Lorsque les variations de détermination de la peine et les différences entre les caractéristiques des cas sont contrôlées et maintenues pour que, dans la mesure du possible, la comparaison soit faite entre les cas dont la seule différence est le sexe de l'accusé, il existe peu de disparités entre les sexes dans les décisions des tribunaux pour adolescents. Les jeunes contrevenantes risquent plus de se voir infliger des ordonnances de probation, de travaux communautaires, des libérations absolues et d'autres sanctions que les contrevenants, tandis que ceux-ci risquent plus de se voir infliger des peines de garde, plus précisément de garde en milieu fermé, des amendes ou des ordonnances d'indemnisation.

Intervention des Services correctionnels et récidive

Les données recueillies sur les jeunes personnes en probation ou mises sous garde constituent un bon indicateur des besoins en matière de services parce que les données montrent le nombre de contrevenantes qui font l'objet d'interventions correctionnelles dans une journée moyenne. Dans tous les types de services — détention temporaire, probation et garde en milieu ouvert et fermé — les adolescentes constituent une faible proportion des bénéficiaires. La proportion d'adolescentes dans la plupart des administrations est inférieure à un cinquième des personnes en détention ou en probation, et est inférieure à 15 p. 100 des personnes maintenues sous garde.

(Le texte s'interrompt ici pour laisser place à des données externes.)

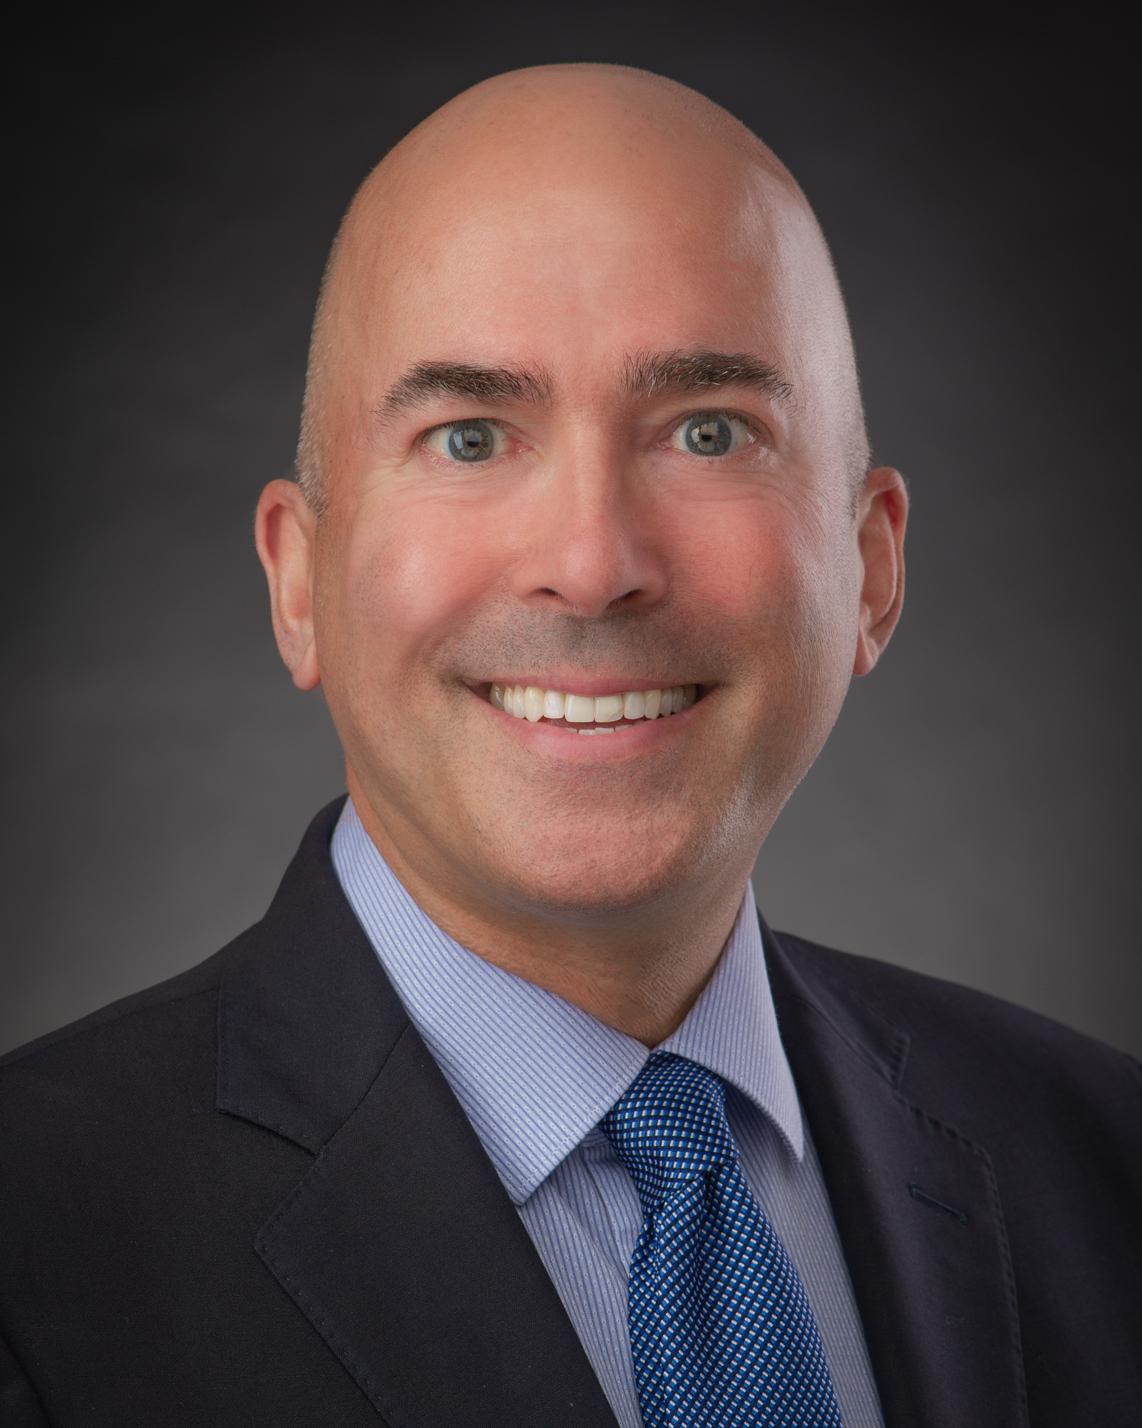 Photo of Dan Steven Veljovich

Le faible nombre d'adolescentes ne facilite pas l'élaboration de programmes axés sur le sexe, plus particulièrement en ce qui concerne le placement sous garde, parce que dans la plupart des administrations, les jeunes femmes seront incarcérées dans plus d'un établissement correctionnel.

Le faible nombre d'études effectuées sur des jeunes contrevenantes à la fin de leur peine montrent que celles-ci récidivent beaucoup moins que les contrevenants.

Autres projets de recherche sur les jeunes contrevenantes

Le présent rapport comprend plusieurs suggestions sur l'orientation de futurs projets de recherche, notamment la nécessité d'évaluer les besoins des jeunes contrevenantes qui purgent des peines communautaires ou des peines de placement sous garde en matière de programmes et d'élaborer des programmes modèles visant principalement à répondre aux besoins qui ont été déterminés dans le cadre de ces recherches.